Chapter 4: Temporal-Difference Learning

This chapter covers Temporal-Difference (TD) learning methods that combine ideas from Monte Carlo and dynamic programming, enabling agents to learn directly from raw experience without a model of the environment.

§4.01: Recap of Dynamic Programming and Monte-Carlo

Monte-Carlo:	Dynamic Programming
Learn Directly from experience
model-free	Needs complete model
No bootstrapping	Bootstraps i.e. updated using estimates
uses Samples	DP does not Sample
Sample Backups	Full backups
Deep backups i.e. entire Trajectory!

§4.02: Temporal Difference

Shallow backup (If you do full backup it becomes like MC)
Sample backups
Bootstraps
Model Free, Less memory & peak computation
Combine Sampling of MC with bootstrapping of DP
TD error: $\delta_t = R_{t+1} + \gamma V(S_{t+1}) - V(S_t)$ where the first two terms is basicallt the $V(S_t)$ at time $t+1$.
Since TD errors depends on the next state & next reward, it is only available one timestep later.

TD-Prediction.	TD-Control
Goal: estimate Value Function	Goal: Estimate Value Function and Improve Policy
Algorithms: TO(O), TD(1)	QLearning, SARSA
Usage: Evaluate Policy	Usage: Find optional Policy.
No knowledge of p & r but it samples	Estimate action values

Monte Carlo: on Finite Data, MC will converge to Minimum Least Squares Estimate (MLE).
Temportal Difference: on Finite Sample, TD gives the Certainty- Equivalence Estimate (Estimated MDP)
For Infinite Data, both converge to the same answer.
If the process is Markov, we expect TD to produce lower error on future data even though MC is better on existing data.

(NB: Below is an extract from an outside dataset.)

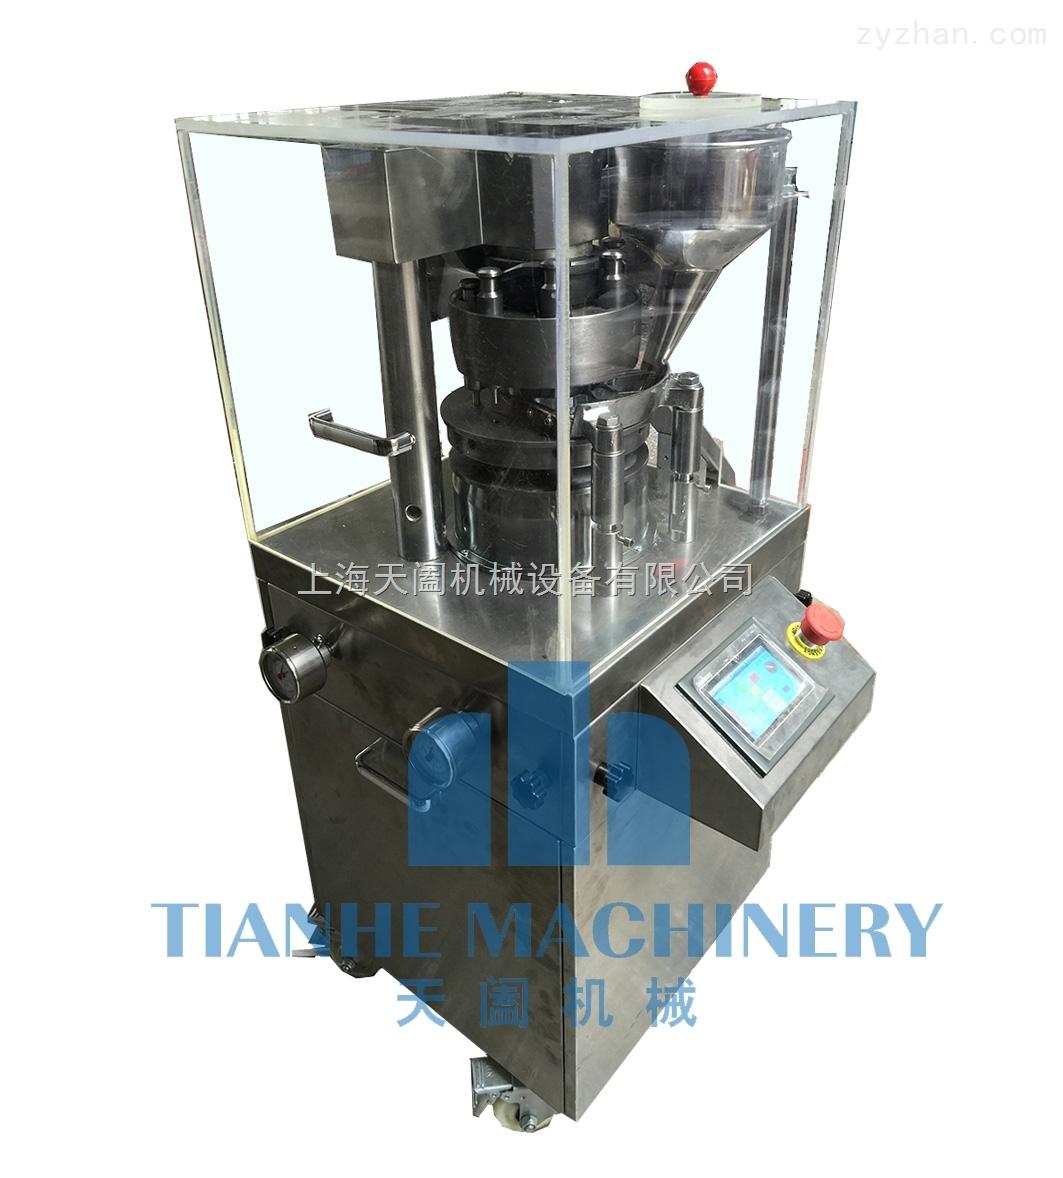 旋转式压片机 PLC触摸屏操作 带移动滚轮

§4.03: SARSA: On-Policy TD-Control

\[Q(S_t, A_t) = Q(S_t, A_t) + \alpha \left[ R_{t+1} + \gamma Q(S_{t+1}, A_{t+1}) - Q(S_t, A_t) \right]\]

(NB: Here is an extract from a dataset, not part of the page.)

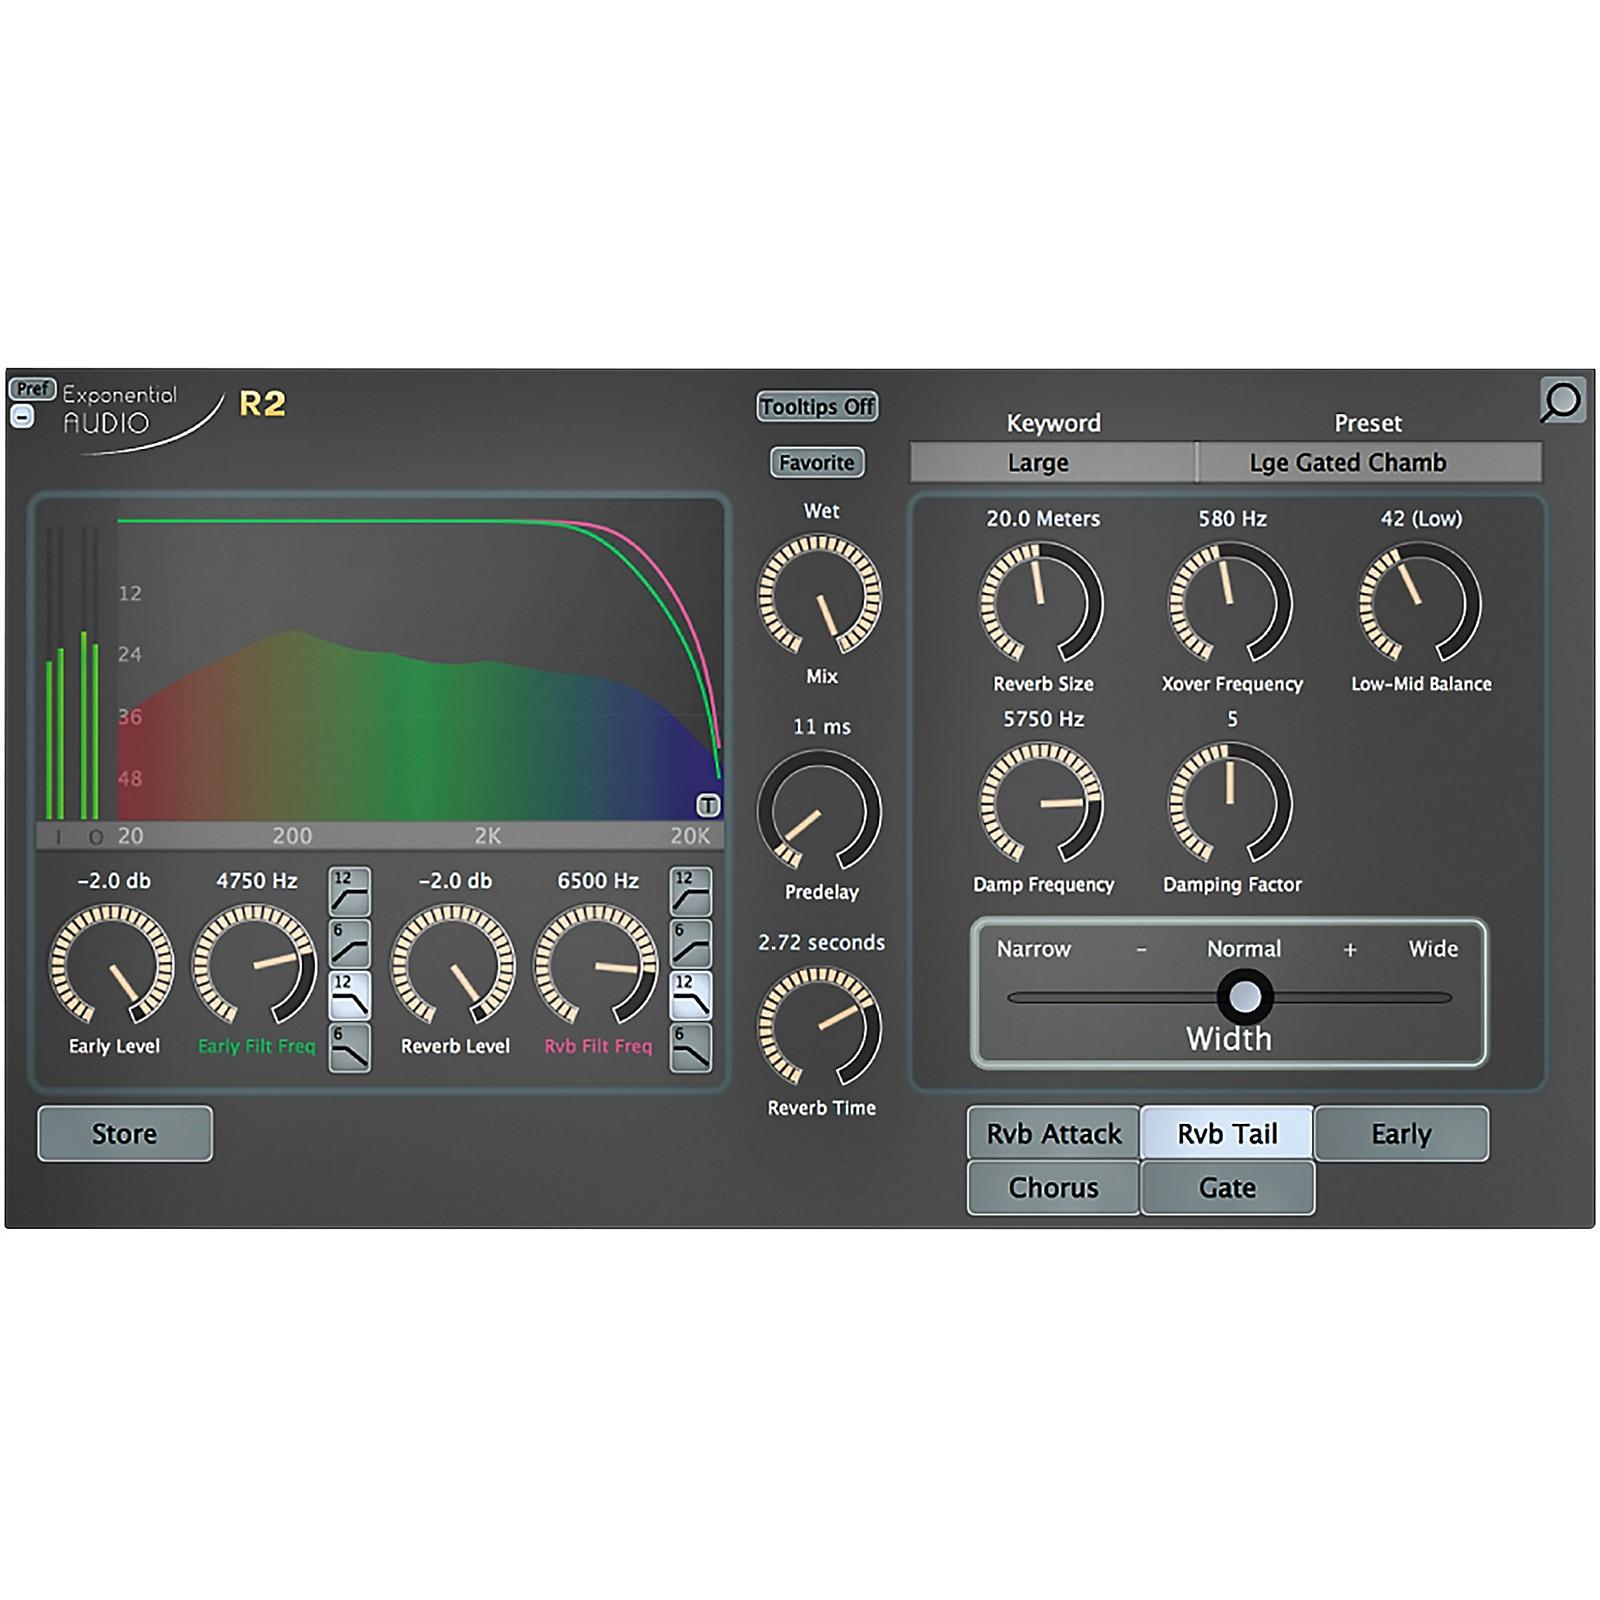 Exponential Audio R2

Continually estimate $q_\pi$ for $\pi$ and at the same time change $\pi$ toward greediness wrt $\q_\pi$.
SARSA converges with probability 1 to an optimal policy and action-value function if:
1. Steps Large enough to overcome random fluctuations: $\sum \alpha_n(\alpha) = \infty$
2. Steps become small enough to assure convergence: $ \sum \alpha_n^2(\alpha) \leq \infty$
All state-action pairs are visited an infinite number of times
Policy converges in the limit to greedy policy.

Pseudocode for SARSA

For each episode  
    - initialize s, choose A from S using policy Q
    For each step
        - Take A, observe R, S'
        - Choose A' from S' using policy Q (Improvement)
        - Update Q(S,A) (Evaluation)
        - S=S', A=A'

§4.04: Q-Learning: Off-Policy TD Control

\[Q(S_t, A_t) = Q(S_{t+}, A_t) + \alpha \left[ R_{t+1} + \gamma \max_a Q(S_{t+1}, \alpha) - Q(S_{t}, A_t) \right]\]

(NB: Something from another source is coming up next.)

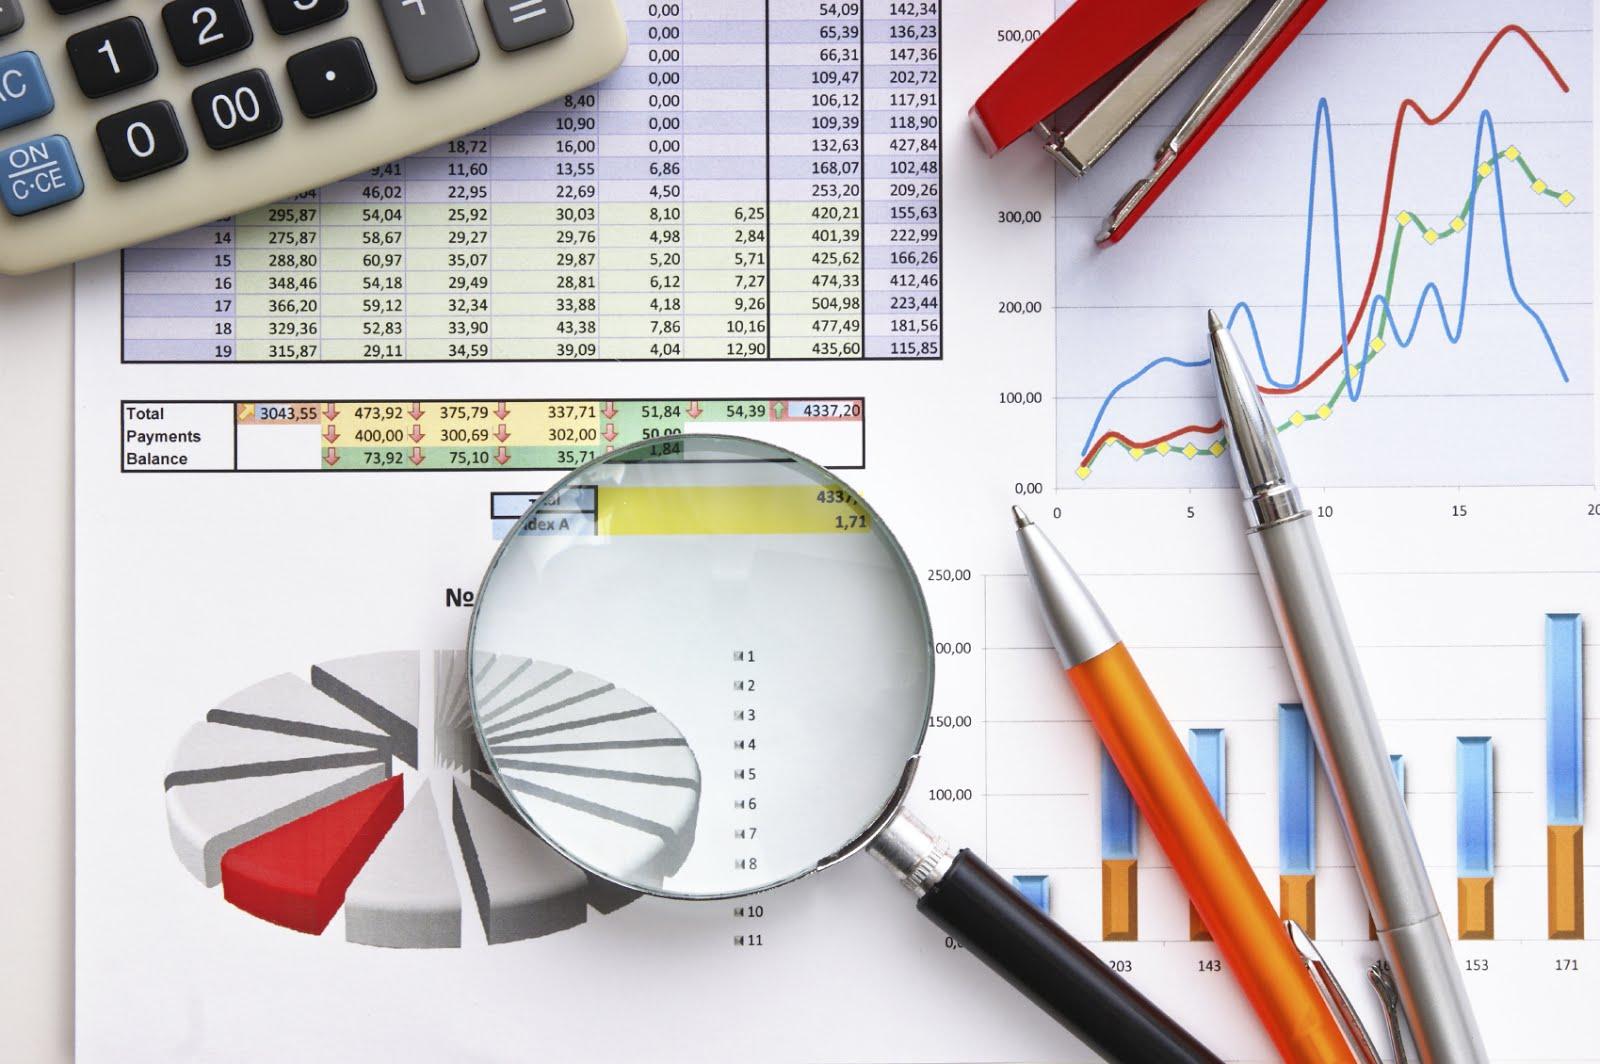 El análisis: la clave del ahorro en los gastos de representación

The learned action-value function directly approximates $q_\star$
We have two policies
- The behaviour policy is used to generate behaviour ($\epsilon-$greedy)
- Estimation policy that is being evaluated and improved (greedy)

Pseudocode

For each episode
    - Initialise S
        For each step
            - Choose A from S using Q (eps-greedy)
            - Take A, Observe R, S'
            - Update Q(S, A)
            - S = S'
Convergence: All pairs should continue to get updated